··· Data section ···

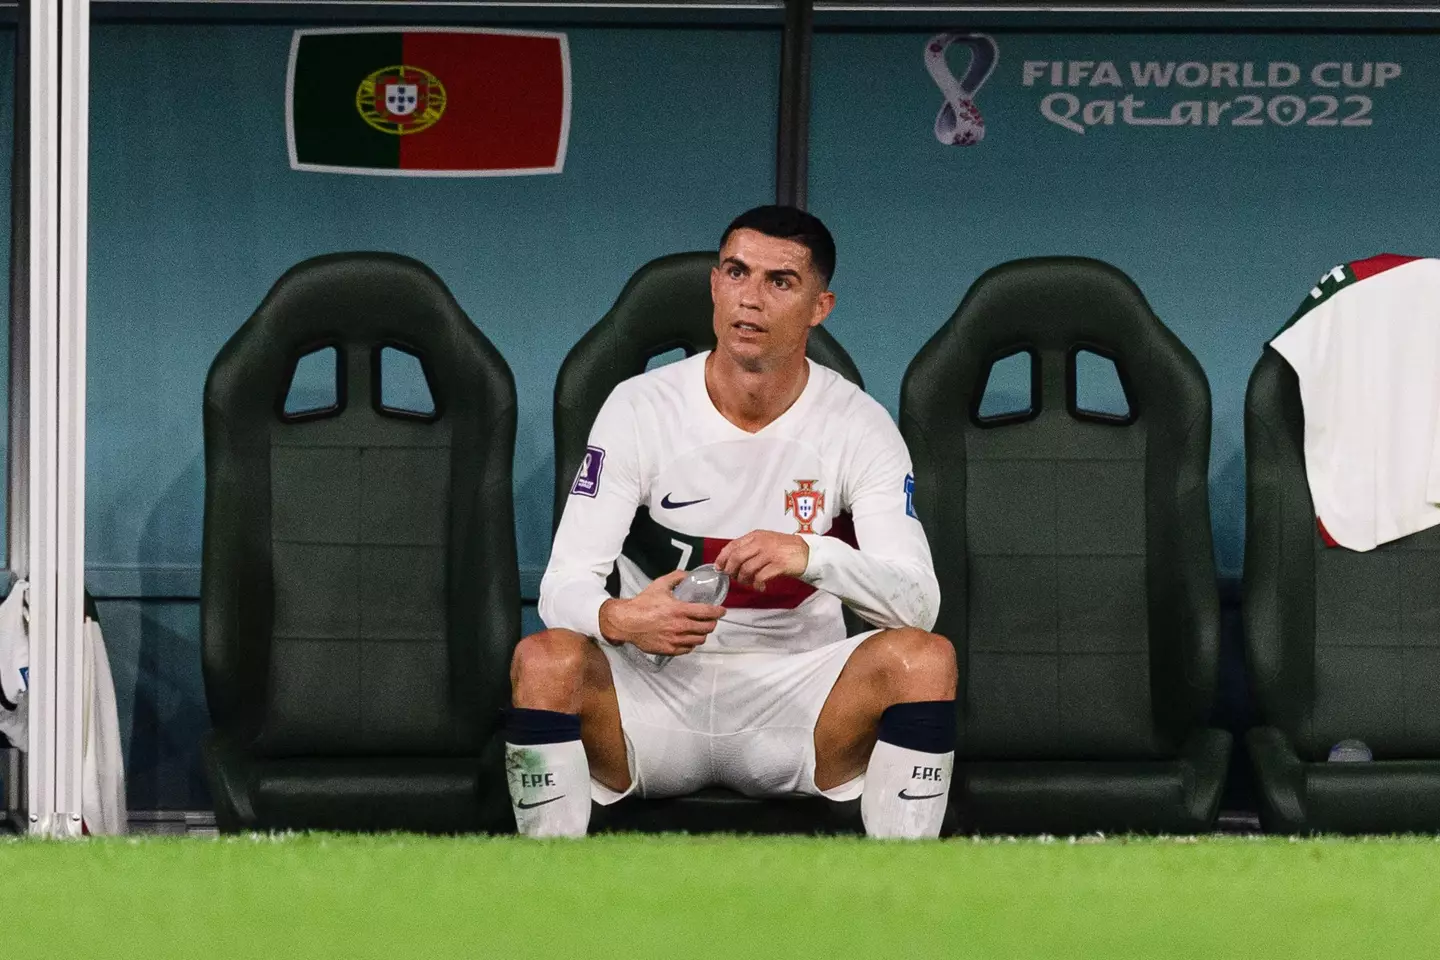 Ronaldo was taken off during the game against South Korea. Image: Alamy
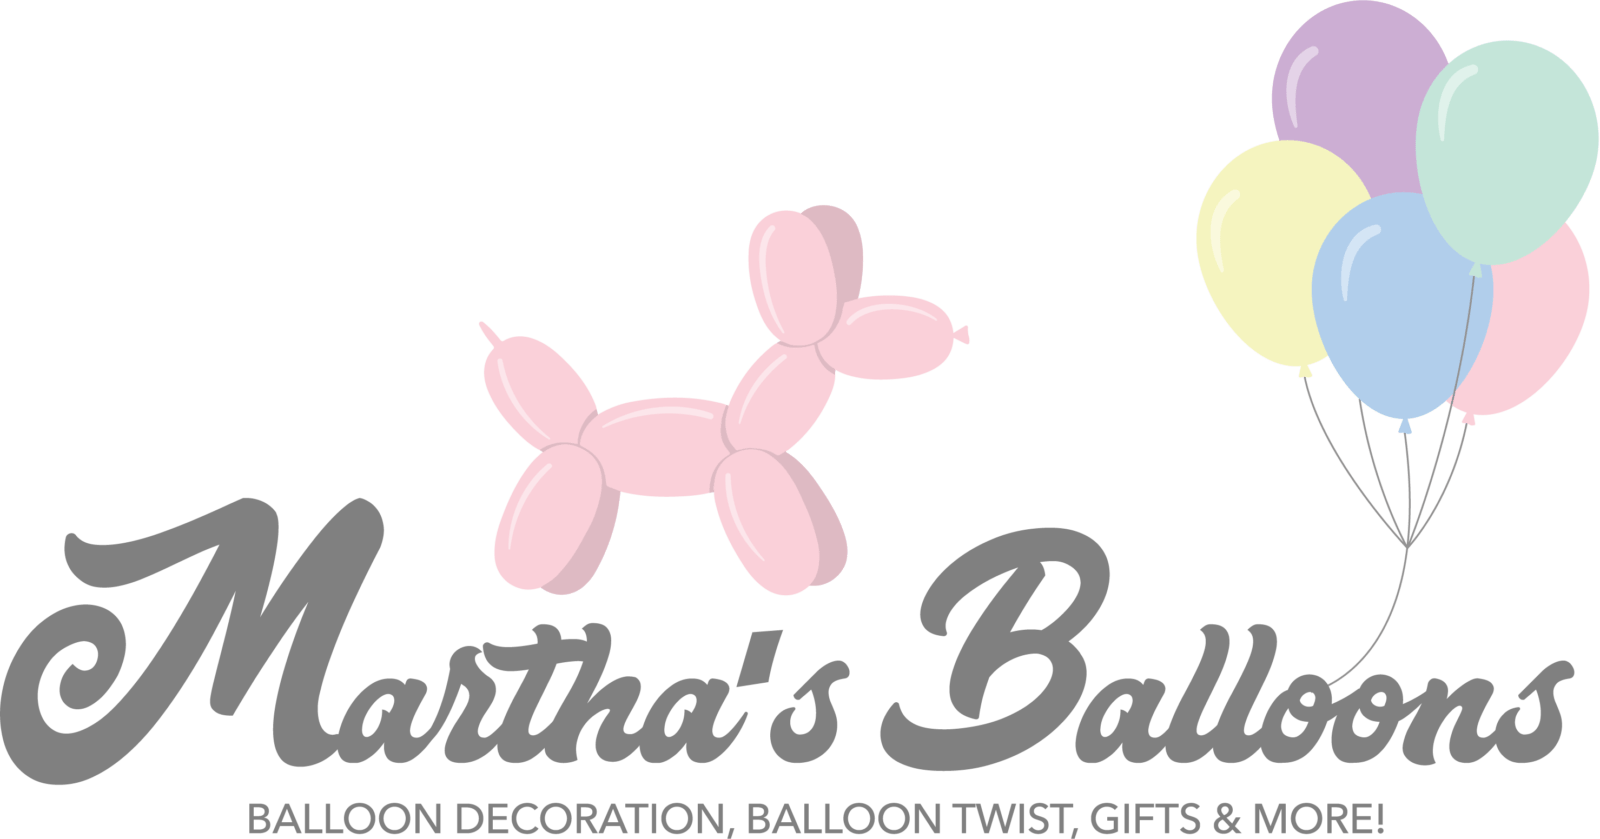 Balloon Decoration-Balloon Decoration, Balloon Twist, Gifts & More!
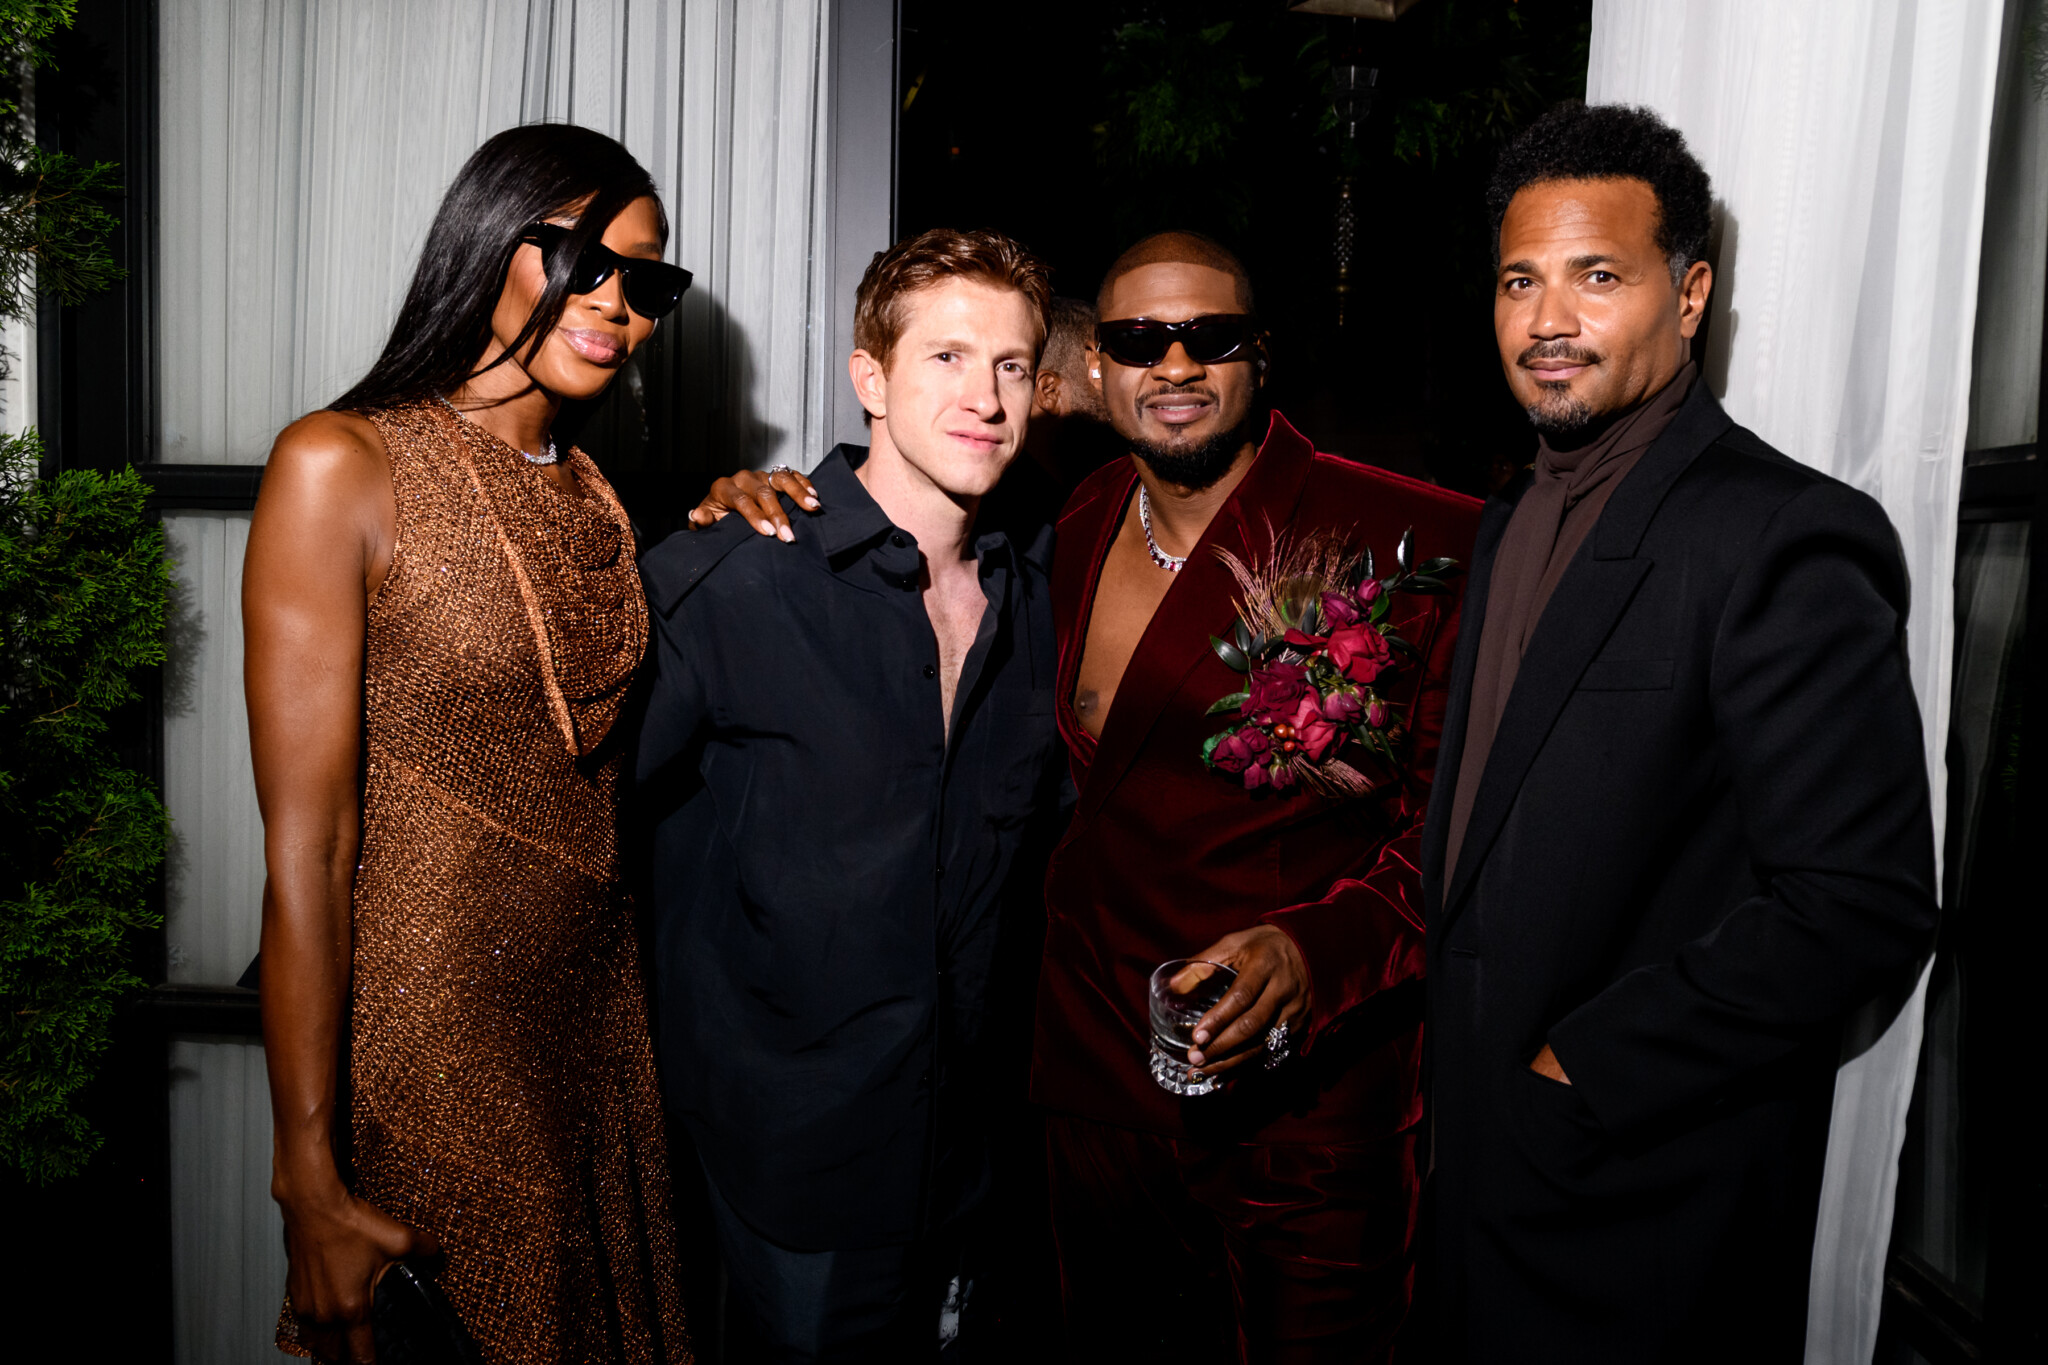 Inside the star-studded Met Gala after-show - South London News
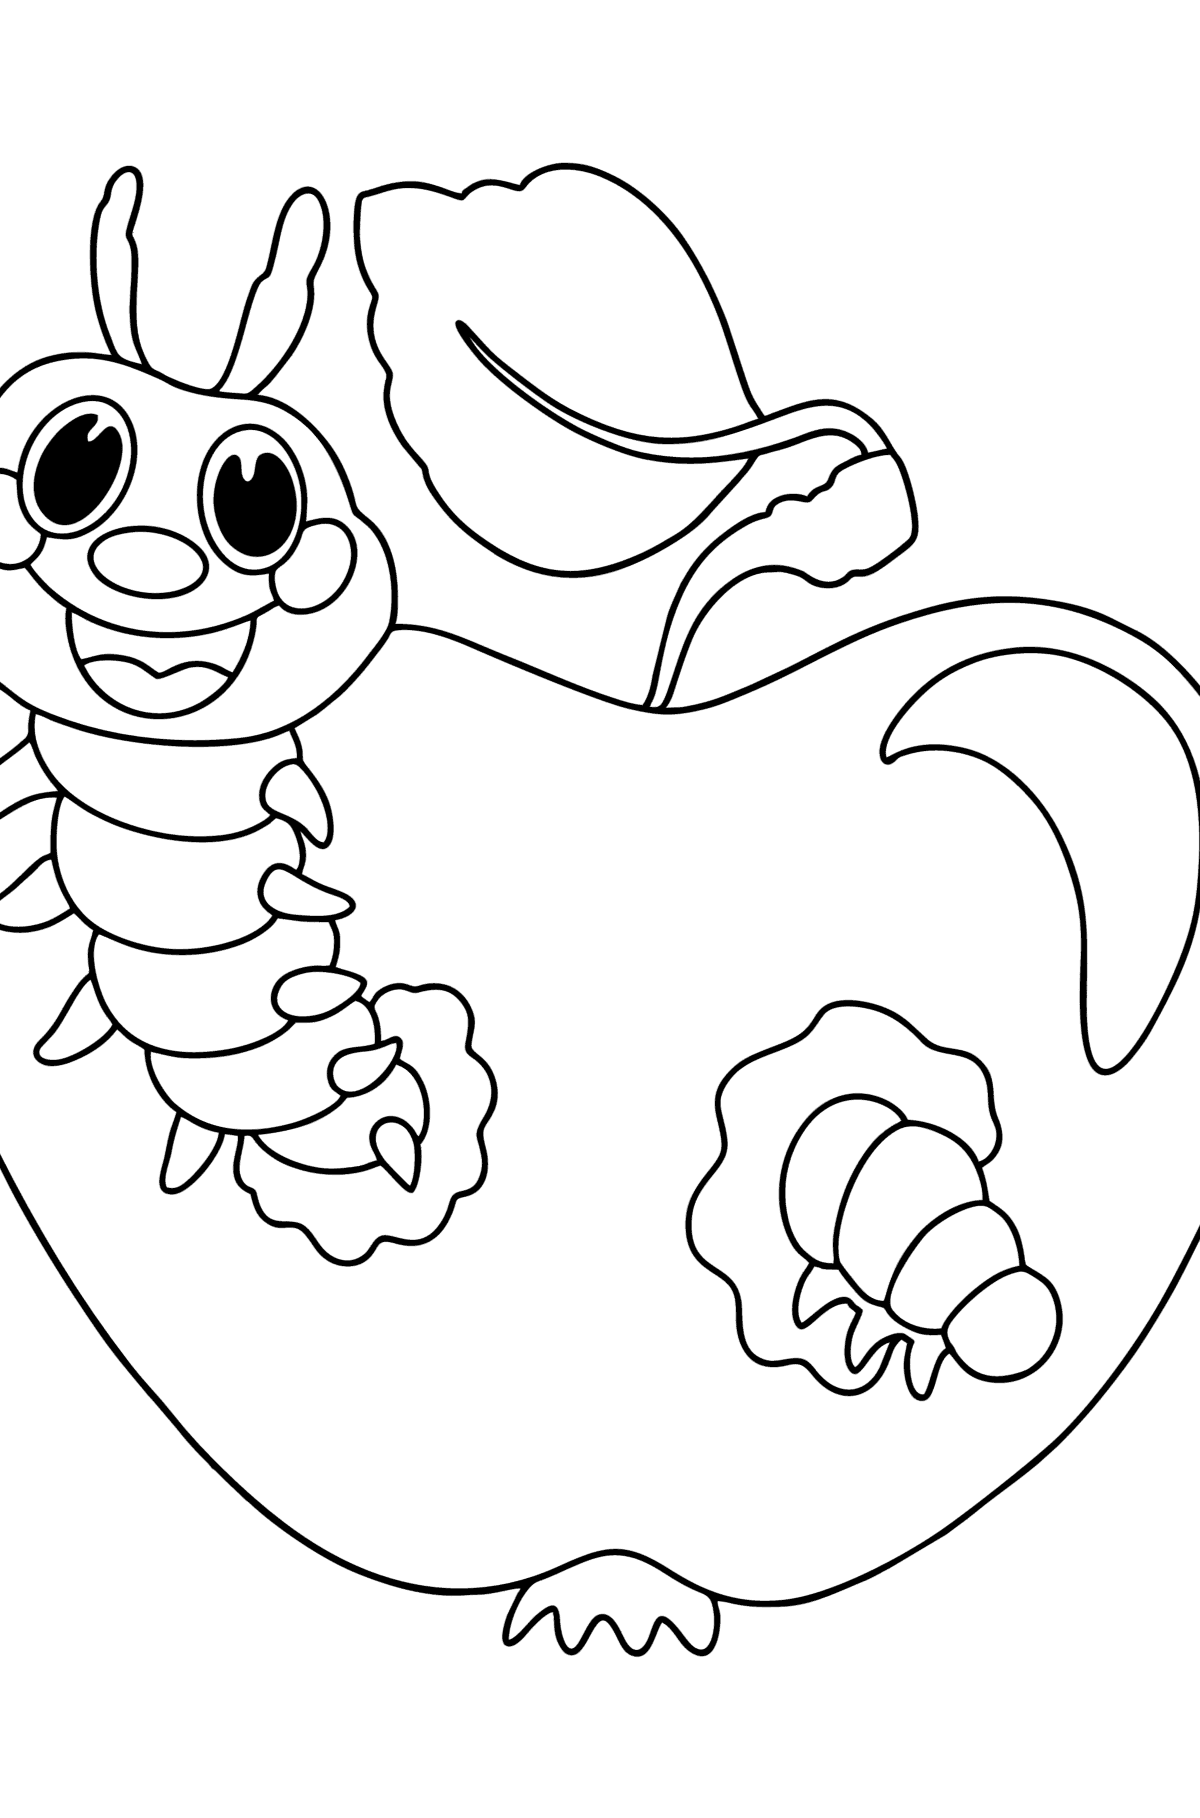 Good caterpillar сoloring page - Coloring Pages for Kids

···

Retype the listing exactly. Skip every picture.

 Ronaldo was taken off during the game against South Korea. Image: Alamy
 Balloon Decoration-Balloon Decoration, Balloon Twist, Gifts & More!
 Inside the star-studded Met Gala after-show - South London News
 Good caterpillar сoloring page - Coloring Pages for Kids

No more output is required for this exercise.